F) Regno degli Ostrogoti
Quando, alla morte di Attila, il suo impero crolla, gli Ostrogoti riconquistano l’indipendenza e diventano alleati degli imperatori bizantini che danno loro forti somme perché respingano altri barbari verso occidente. Li ricompensano inoltre con il territorio della Pannonia e, come garanzia della
fedeltà degli Ostrogoti, trattengono a Bisanzio Teodorico, il figlio del re.
Teodorico trascorre undici anni alla corte bizantina, dove apprende l’arte
della guerra e del governo. L’imperatore Zenone, temendo che gli Ostrogoti
possano a lungo andare diventare una minaccia, nomina Teodorico patricius dell’impero e gli propone la conquista dell’Italia.
Tra il 476 e il 489 l’Italia è governata da Odoacre, che pur servendosi di
personale amministrativo romano e collaborando con la Chiesa di Roma,
non riesce a creare una forma stabile di monarchia. È facile, allora, per
Teodorico sconfiggere e uccidere Odoacre. Dal 493 al 534 l’Italia diventa
un regno romano-barbarico con capitale Ravenna.

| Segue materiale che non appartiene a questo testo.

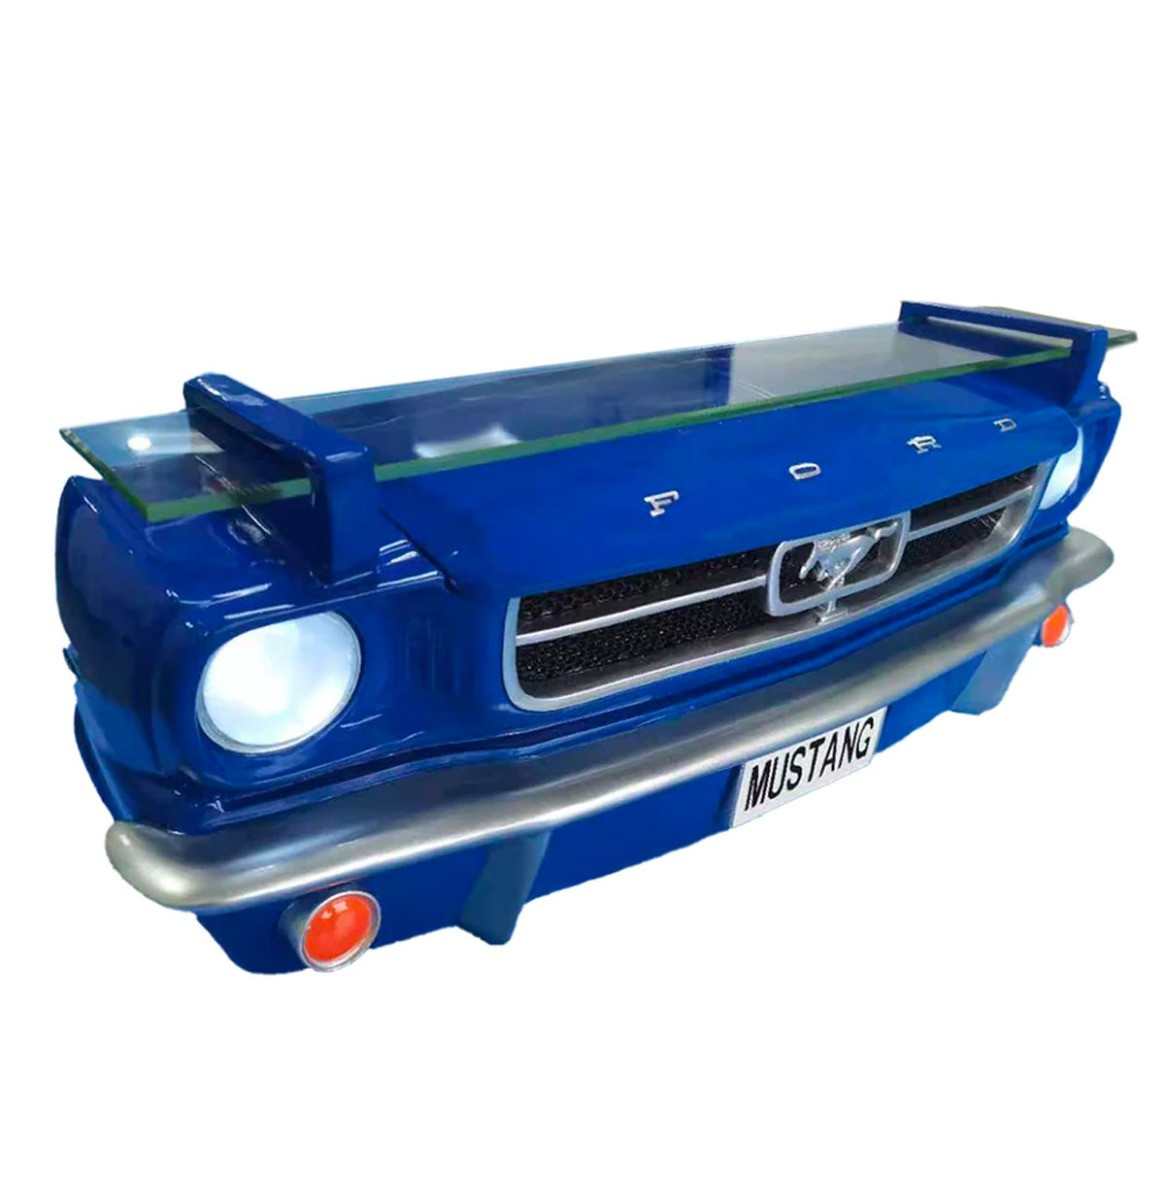 BINNENKORT: 1965 Ford Mustang Voorkant Wandplank Met Verlichting - Blauw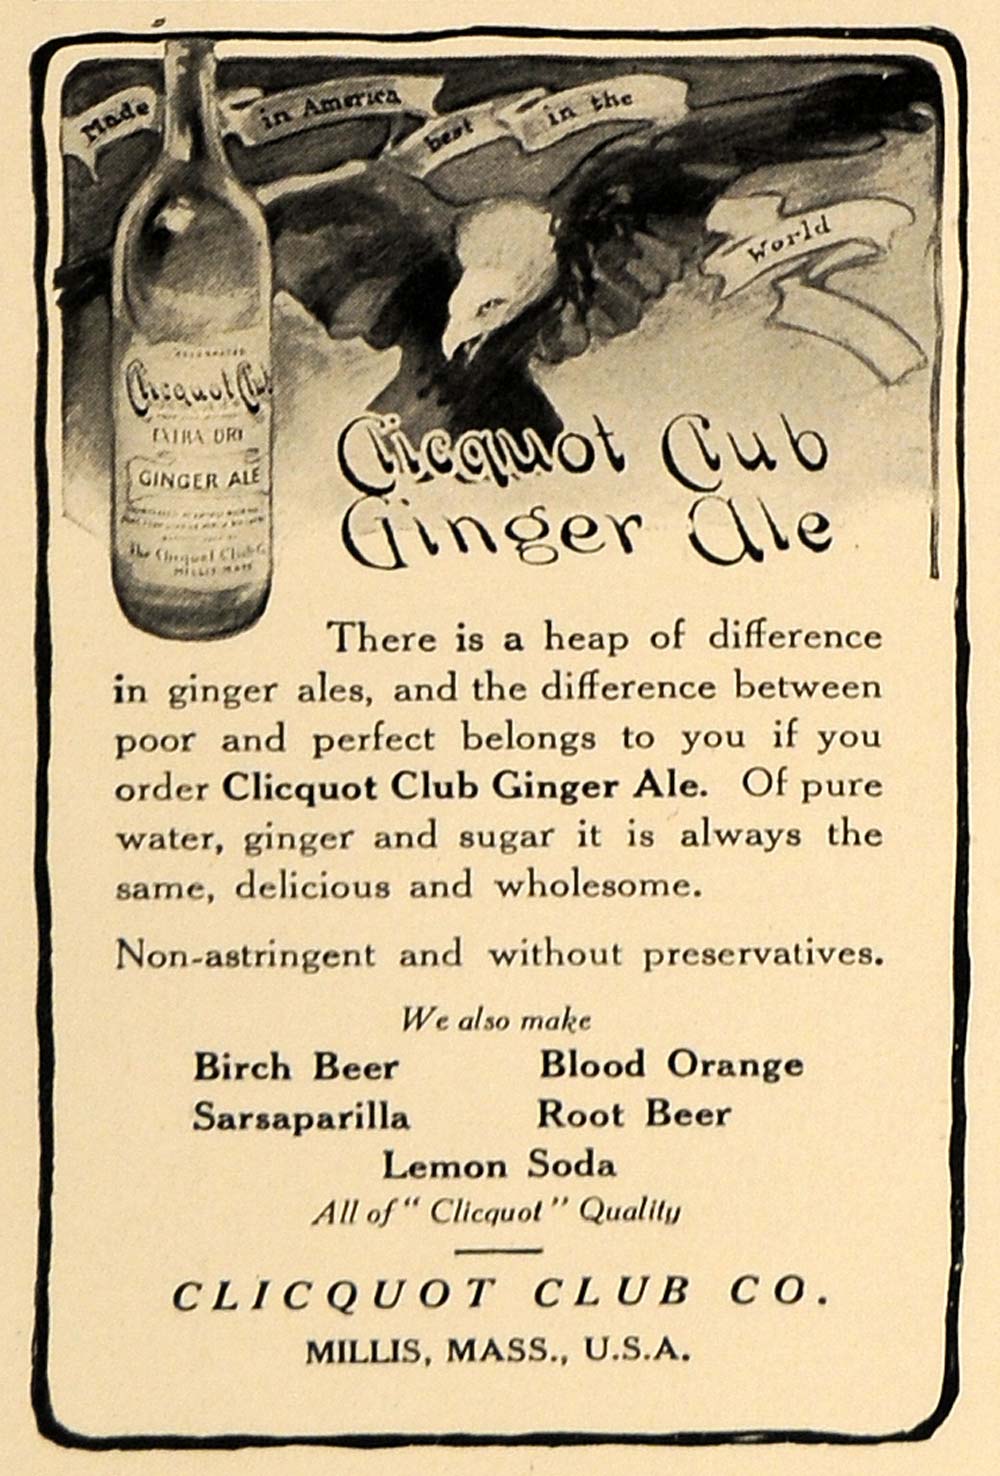 1909 Ad Eagle America Clicquot Club Ginger Ale Beverage - ORIGINAL CL8

In politica interna, Teodorico collabora strettamente con la classe dirigente romano-latina e sceglie uomini di cultura e di prestigio per amministrare lo Stato: lo storico Cassiodoro cura la corrispondenza ufficiale in qualità
di segretario del re e i filosofi Simmaco e Severino Boezio sono investiti
della carica di consoli.
Teodorico cerca di instaurare una convivenza pacifica all’interno della
penisola, garantendo lo stesso grado di libertà a Romani e Goti. Tuttavia
proibisce i matrimoni misti, si oppone al fatto che i Goti imparino il latino e
frequentino le scuole romane, difende l’arianesimo. Contemporaneamente
tollera il cattolicesimo professato dai romani, tratta con rispetto l’aristocrazia fondiaria e consente che il diritto romano regoli i rapporti tra i latini. A
tal proposito va notato che l’Editto di Teodorico (che però gli storici propendono ad attribuire a Teodorico II re dei Visigoti anziché al re ostrogoto)
insiste sul principio dell’uguaglianza dei sudditi sia Goti che Romani di
fronte alla legge (principio di territorialità della legge).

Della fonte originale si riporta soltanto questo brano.